Workshop: Software Tools from Atomistics to Phase Diagrams
Contents
Workshop: Software Tools from Atomistics to Phase Diagrams¶
Day 1 - Atomistic simulations (pyiron)¶
Authors: Jan Janssen, Tilmann Hickel, Jörg Neugebauer (Max-Planck-Institut für Eisenforschung)
Interactive: Density functional theory with pyiron
The scope of this first exercise is to become familar with:
Density functional theory calculation,
Calculate the equilibrium lattice constant
Compare the results to interatomic potentials.
Reminder¶
In the first session we learned how to create a pyiron project object and then use this pyiron project object to create atomistic structure objects.
# Import the Project object
from pyiron_atomistics import Project
# Create a Project object instance for a project named dft
pr = Project("dft")
# Create a cubic aluminum fcc structure
al_fcc = pr.create_ase_bulk("Al", cubic=True)
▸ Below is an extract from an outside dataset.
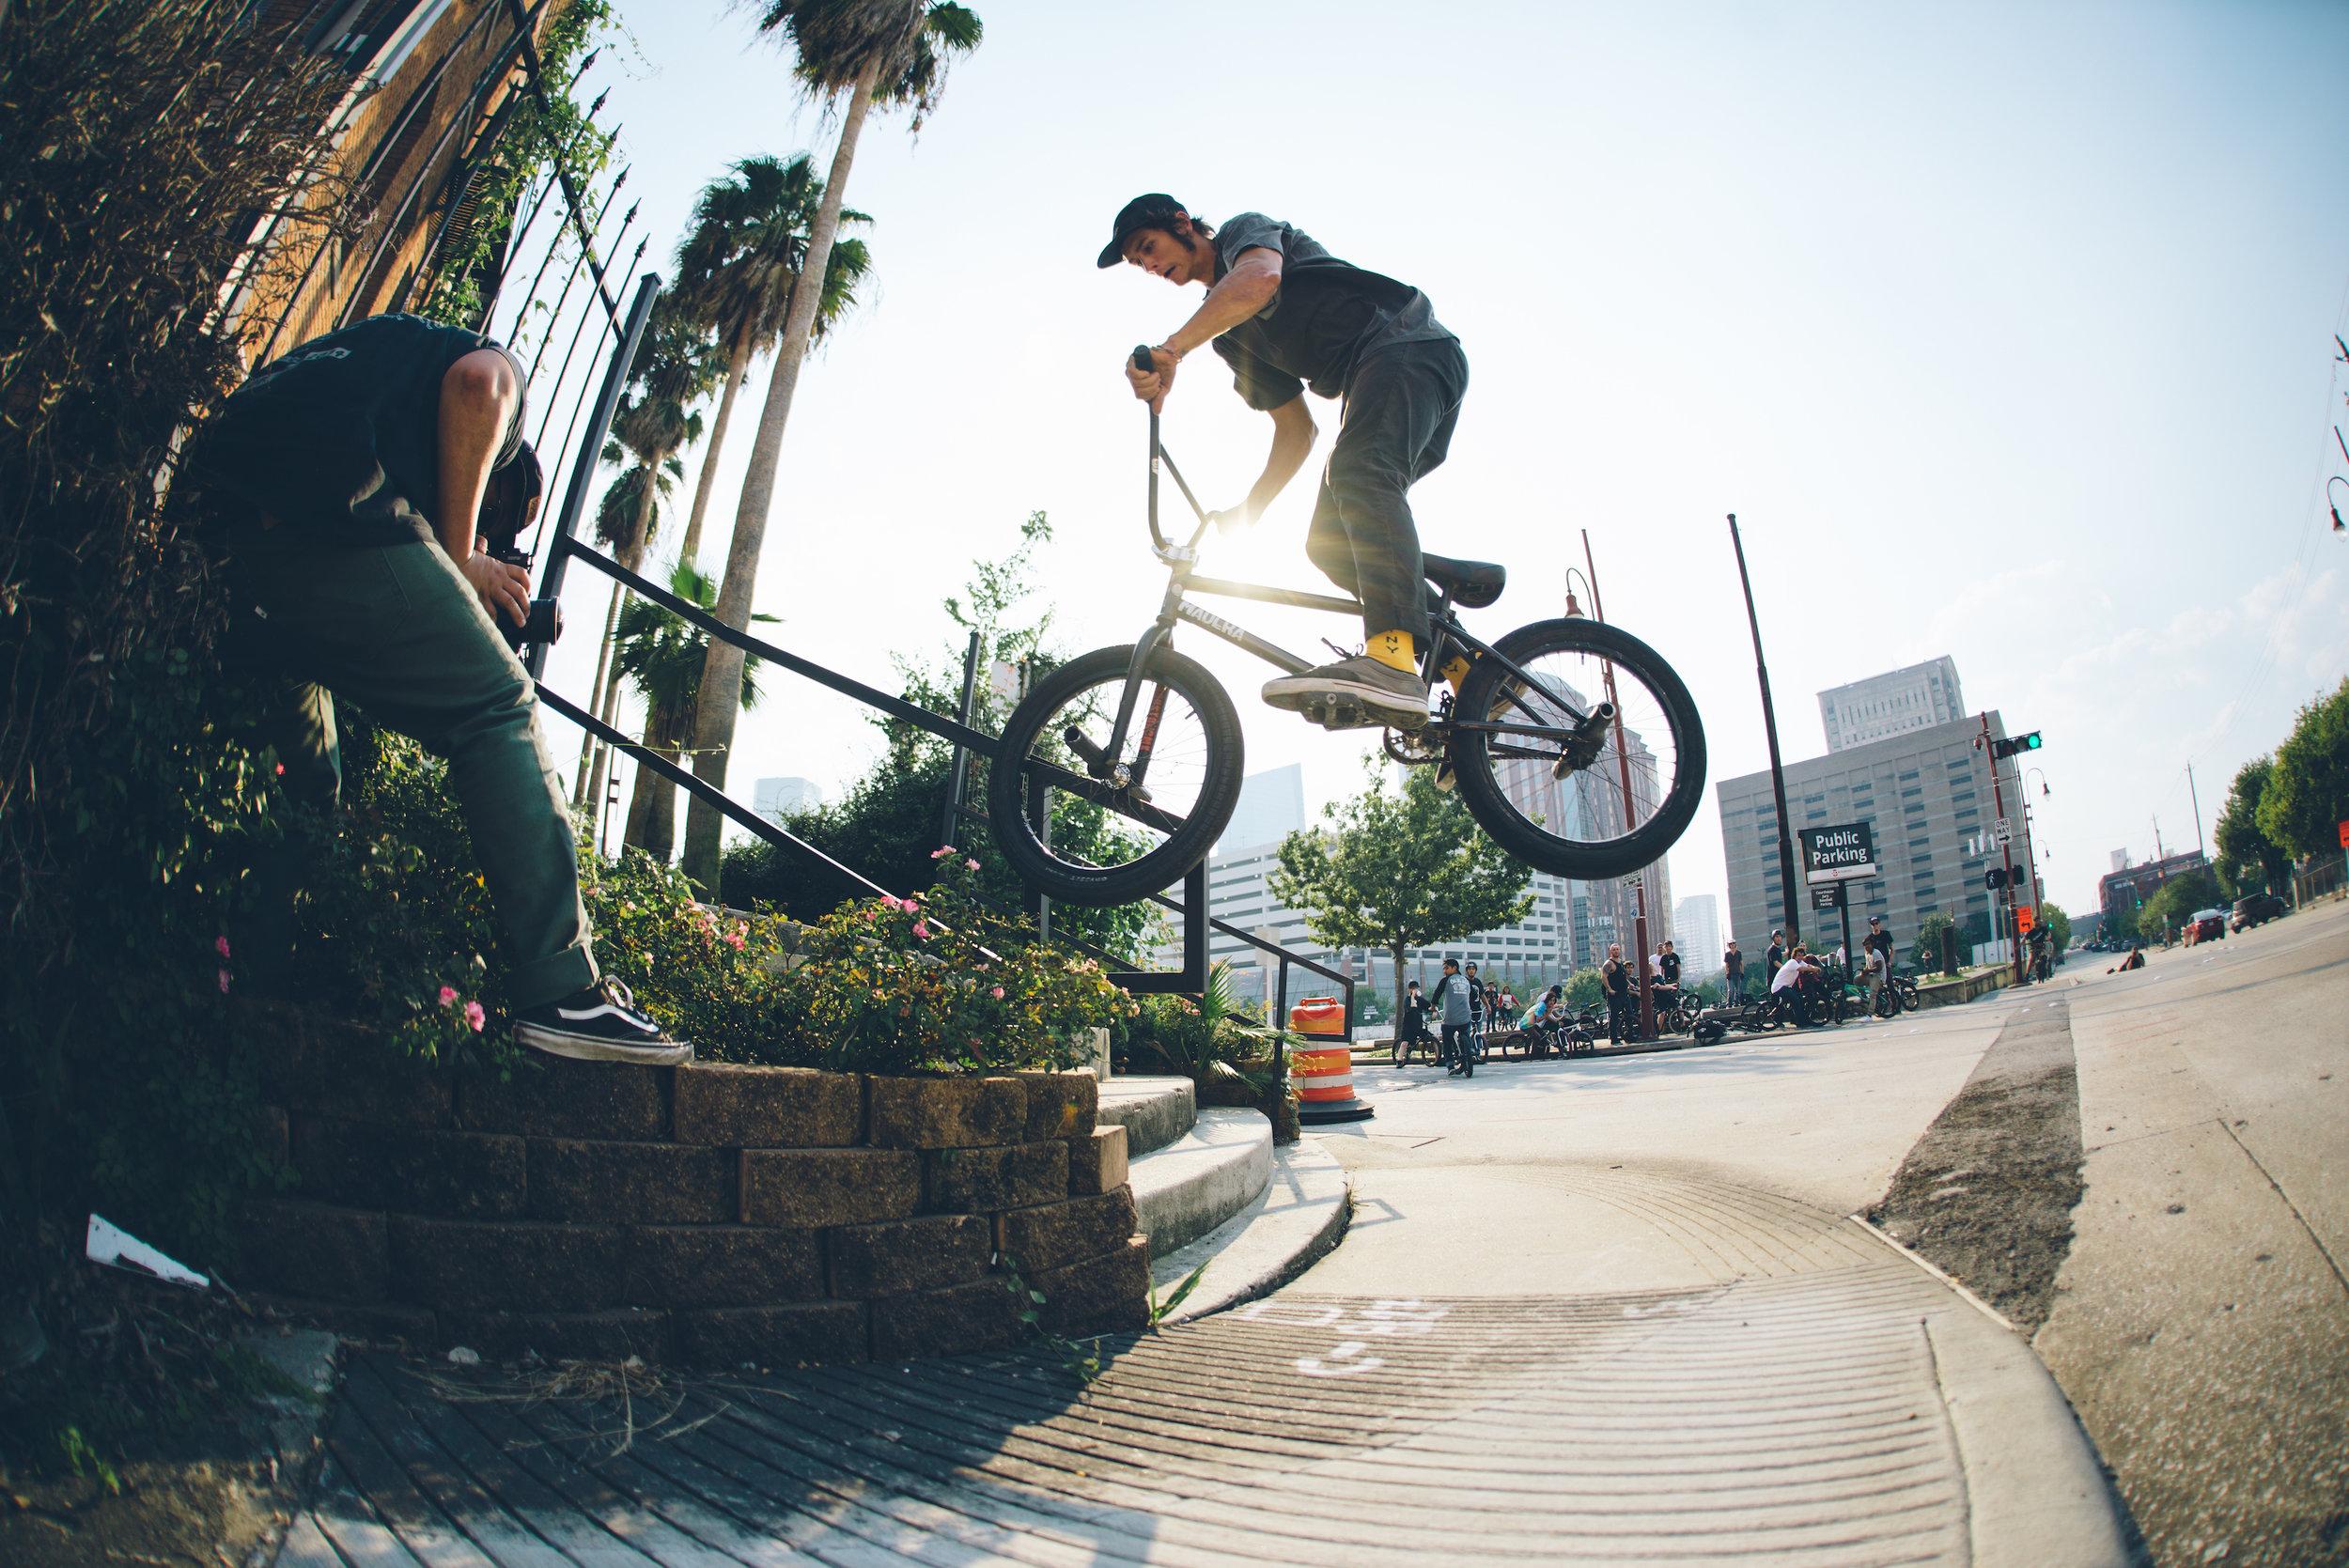 20170910 sunday street ride Kirby Crumpler_half res_8.jpg

# Confirm the final structure has 4 atoms by calculating
# the length of the structure object
len(al_fcc) == 4
True
Density Functional Theory¶
To provide a brief introduction to density functional theory (DFT) we calculate the equilibrium lattice constant for a cubic fcc aluminium structure. Besides the pseudo potential which defines the electron electron interaction, the DFT precision is dominated by the convergence parameters, namely the plane wave energy cutoff and the kpoint mesh. Both can be set in pyiron using the corresponding properties encut and kpoint_mesh.
# Create a DFT job with the S/PHI/nX quantum engine named spx
job_dft_template = pr.create_job(
job_type=pr.job_type.Sphinx,
job_name="spx"
)
# Print the default DFT convergence parameters energy cutoff
print(
job_dft_template.encut,
job_dft_template.kpoint_mesh
)
340 [4, 4, 4]
# Increase the energy cutoff to 400eV and increase the kpoint mesh to 5x5x5
job_dft_template.set_encut(400)
job_dft_template.set_kpoints([5, 5, 5])
Energy Volume Curve¶
The discretisation of the plane waves on the fourier mesh and the kpoint mesh in the brillouin zone cause fluctuations in the energy surface. Therefore a minimization like we used it for the interatomic potentials in the previous section is insufficient. Instead we calculate the energy for various volumes around the equlibrium volume and then determine the equilibrium volume by interpolating the minimum between these volumes.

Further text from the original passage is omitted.